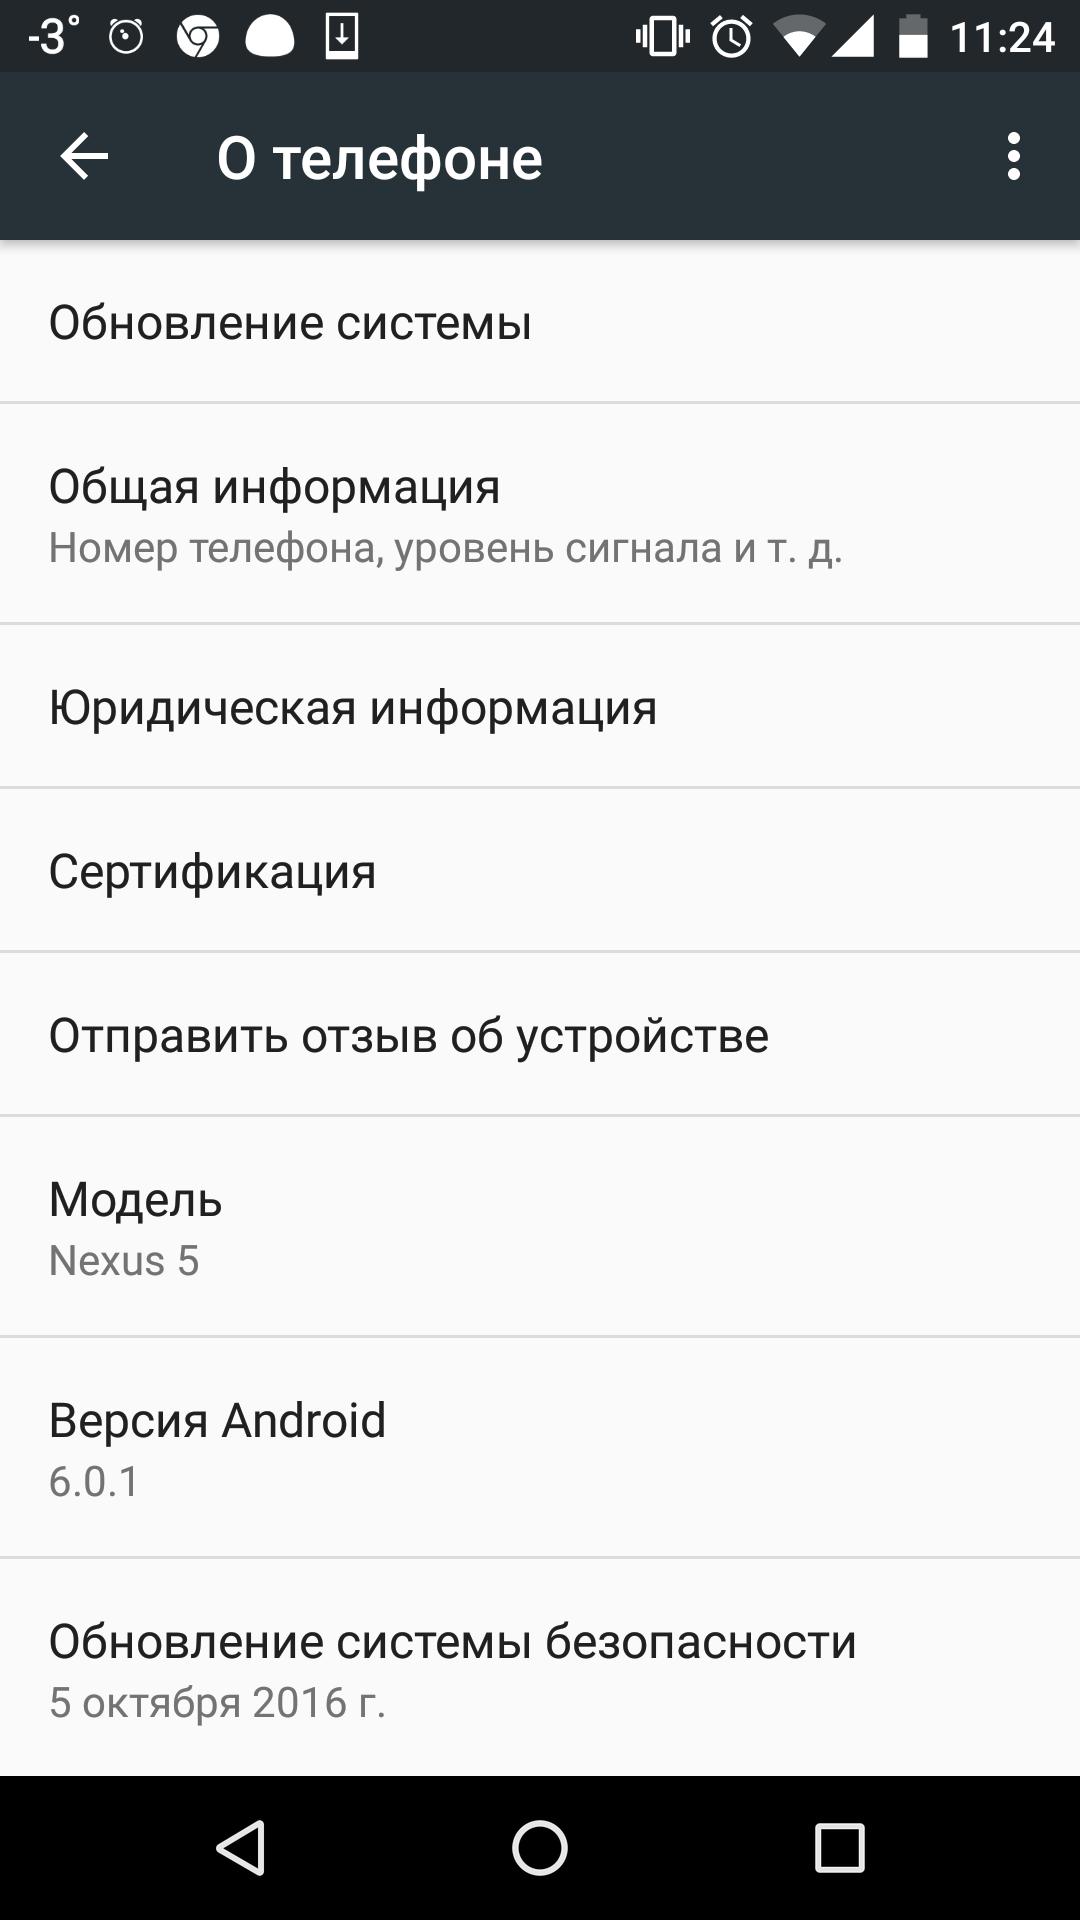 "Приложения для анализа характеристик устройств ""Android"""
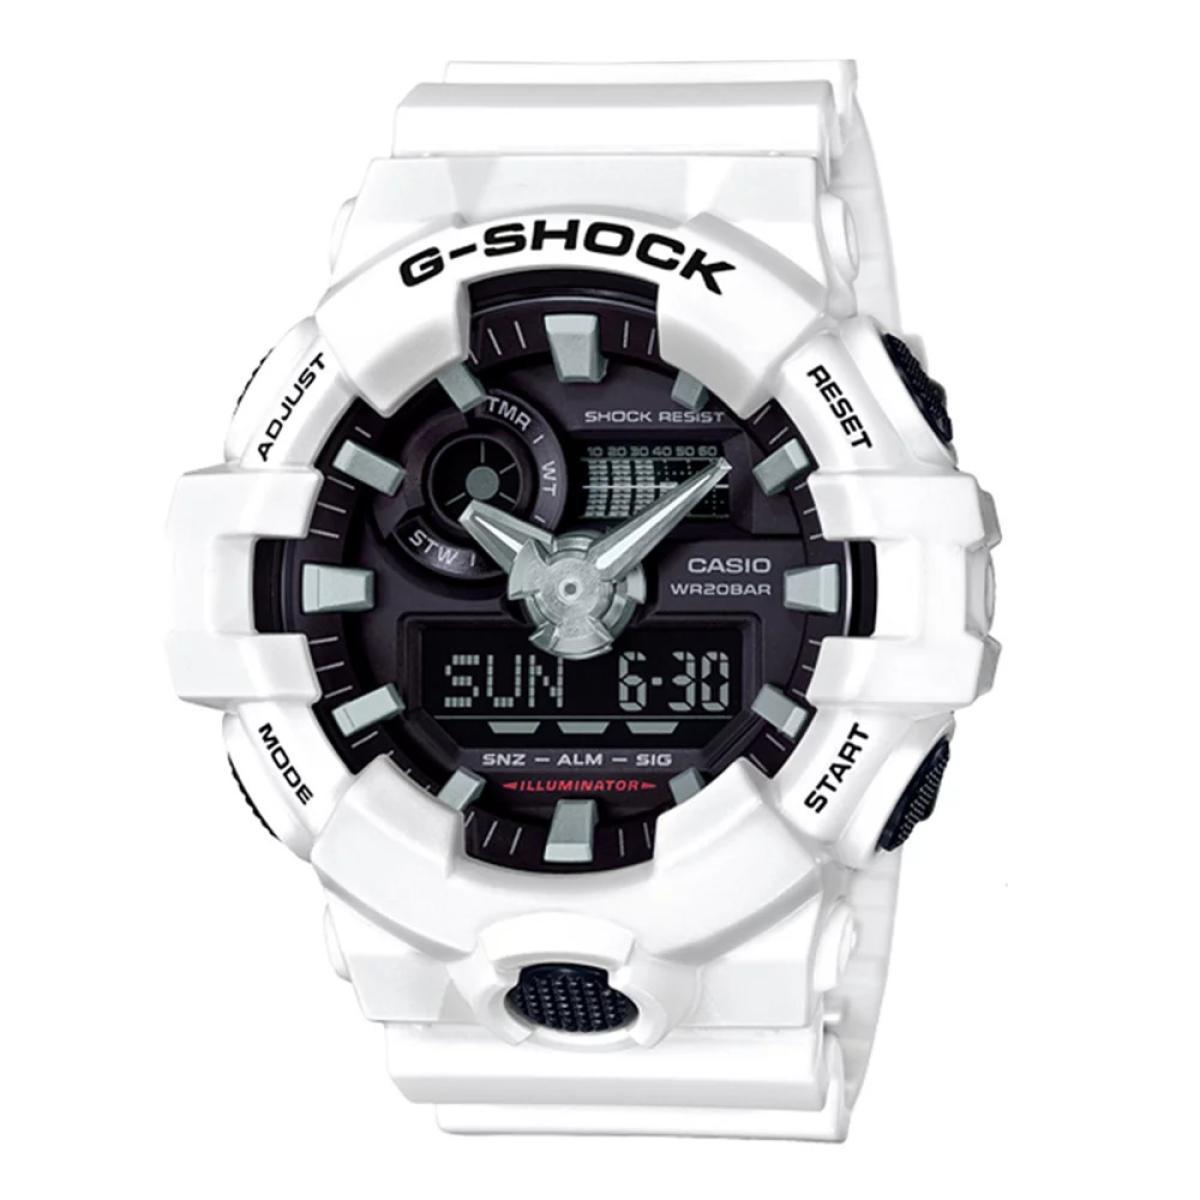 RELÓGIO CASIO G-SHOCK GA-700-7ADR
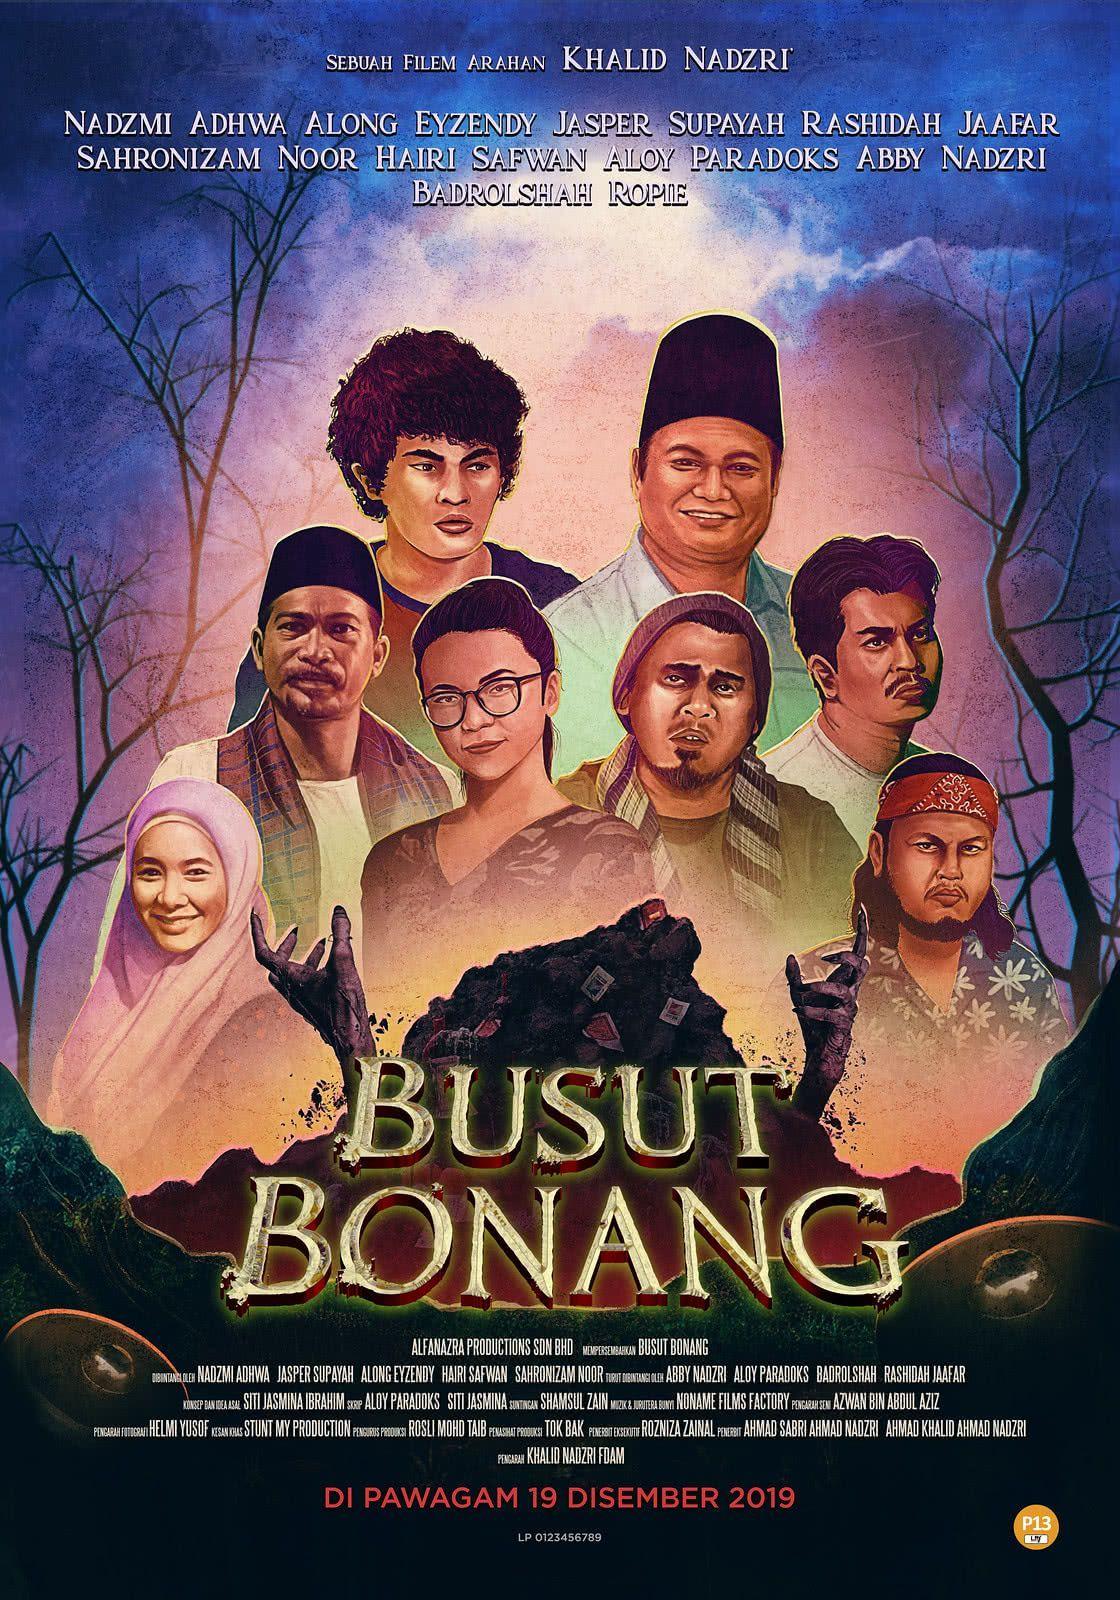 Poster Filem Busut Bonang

Exercise - Would you reproduce each line of the material exactly, omitting the images?

Exercise answer -
 "Приложения для анализа характеристик устройств ""Android"""
 RELÓGIO CASIO G-SHOCK GA-700-7ADR
 Poster Filem Busut Bonang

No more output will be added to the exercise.